Quiero hacer un rele discreto con dos terminales unicamente.
Mi moto tiene un rele con dos terminales y quiero sustituirlo por un rele discreto hecho por mi con un 555 (el diseño del 555 se como hacerlo)
Concretamente es el rele de intermitencia. Si lo sustituyo por el mio podre regular la frecuencia.
La duda surge en que normalmente haria falta tres terminales en el circuito: Entrada VCC, Salida y GND, pero el que necesito fabricar solo podria tener dos terminales.
Y si alguien puede explicar como funciona (y adjuntar el esquematico si es posible) un rele de dos pines se lo agradezco.
Saludos


----------



## DOSMETROS (Nov 29, 2011)

El relé de dos patas tiene una resistencia en serie con un interruptor bimetálico.

Además la resistencia está adosada al bimetálico.

Cuando circula corriente (porque pusiste el guiño)  la lámpara se enciende y la resistencia se calienta , a su vez calienta al bimetálico , éste se curva y abre el interruptor , la luz se apaga. Luego de un instante todo se enfria y vuelve a conectar. . .  y así sucesivamente.

Lo veo demasiado verde para hacerlo con un 555 y solo dos patas 

Saludos !


----------



## luisvc91 (Nov 29, 2011)

Gracias por responder!
Entonces, sabrias decir algun circuito similar al 555 para hacerlo de modo que yo regule la frecuencia?
Saludos!


----------



## biker2k3 (Nov 29, 2011)

Mira creo que el rele de la moto va en serie y es tipo las lamparas intermitentes de los arbolitos de navidad el funcionamiento. No se bien como se podria hacer para que funcione bien ese circuito en serie..


----------



## luisvc91 (Nov 29, 2011)

Ya, el problema ahora es hacer un circuito electronico que emule al bimetal del rele electromecanico.......
Que por cierto no tengo ni idea....
Saludoss


----------



## fernandob (Nov 29, 2011)

re-papa, pense que seria dificil.
pero no .....rompete vos un poco , aca la cosa no es asi ......


----------



## biker2k3 (Nov 30, 2011)

Busca o calcula un circuito con el 555 que ni bien se alimente este por ej medio segundo la salida en "cero" y luego pase a "1" y active un rele que puentee la alimentacion, ahora el tema es como hacer que el rele se quede activado medio segundo cuando le puenteaste la alimentacion al 555 y se queda sin corriente.
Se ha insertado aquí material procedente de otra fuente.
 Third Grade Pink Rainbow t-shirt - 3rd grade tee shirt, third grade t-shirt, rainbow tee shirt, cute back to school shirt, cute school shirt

Por ahi poniendo un capacitor en la alimentacion del 555 con un diodo antes.


----------



## fernandob (Nov 30, 2011)

esa es la forma, el tiempo de "rele activo " dependera solo de el Cf (C de la fuente ) .
 a menso que lo sobredimensiones tanto que dependa de el oscilador .


----------



## luisvc91 (Nov 30, 2011)

Si os digo la verdad, no entendi muy bien lo que me habeis dicho....


----------



## aporfirio (Mar 14, 2012)

Aqui tienes uno que hice yo que funciona perfecto. La pata izquierda va a +12, la de abajo a 0v y la derecha a la carga. No es afectado por la carga, puedes usar leds o lamparas incandescentes, cualquier cosa. Funciona. Saludos


----------



## biker2k3 (Mar 14, 2012)

Yo queria hacer lo mismo, la idea seria ver si se puede hacer el circuito pero que funcone en serie, solo con 2 cables, uno que entra y uno que sale, como el destellador original.


----------



## fernandob (Mar 15, 2012)

PRIMERO : si quieren hacer algo haganlo, no pidan que les diseñen el circuito.
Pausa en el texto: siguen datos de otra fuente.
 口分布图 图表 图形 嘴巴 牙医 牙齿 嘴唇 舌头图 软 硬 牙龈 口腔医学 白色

SEGUNDO:  aca les adjunto el esquema y la explicacion:

cuando se inicia el rele esta desactivado, asi que nuestro circuito que no consume un pomo esta en serie con la carga (son solo 2 cables, los puntos redondos negros grandes) ...........la carga esta desactivada por que el circuito tiene lata impedancia .
se carga el C. de la fuente y el circuito comienza a contar un tiempo (por eso la dar alimentacion suele iniciar apagado ) .
cuando el tiempo llega se activa el rele PERO EL RELE PONE EN CORTO A SUS PROPIAS PATAS DE ALIMENTACION ................
asi que el circuito queda sin tension, por suerte el C de la fuente es capaz de mantener al rele activo 1 segundo (tiempo de carga encendida) .
hasta que el C. se descarga y el rele se desactiva...........
acaba de pasar el segundo de carga encendida.
volvemos a carga apagada:
al haberse abierto el rele nuestro circuito vuelve a recibir 12v y se carga el C y cuenta el tiempo el circuito (este es el tiempo en el que la carga permanece apagada) .......y todo vuelve a ocurrir.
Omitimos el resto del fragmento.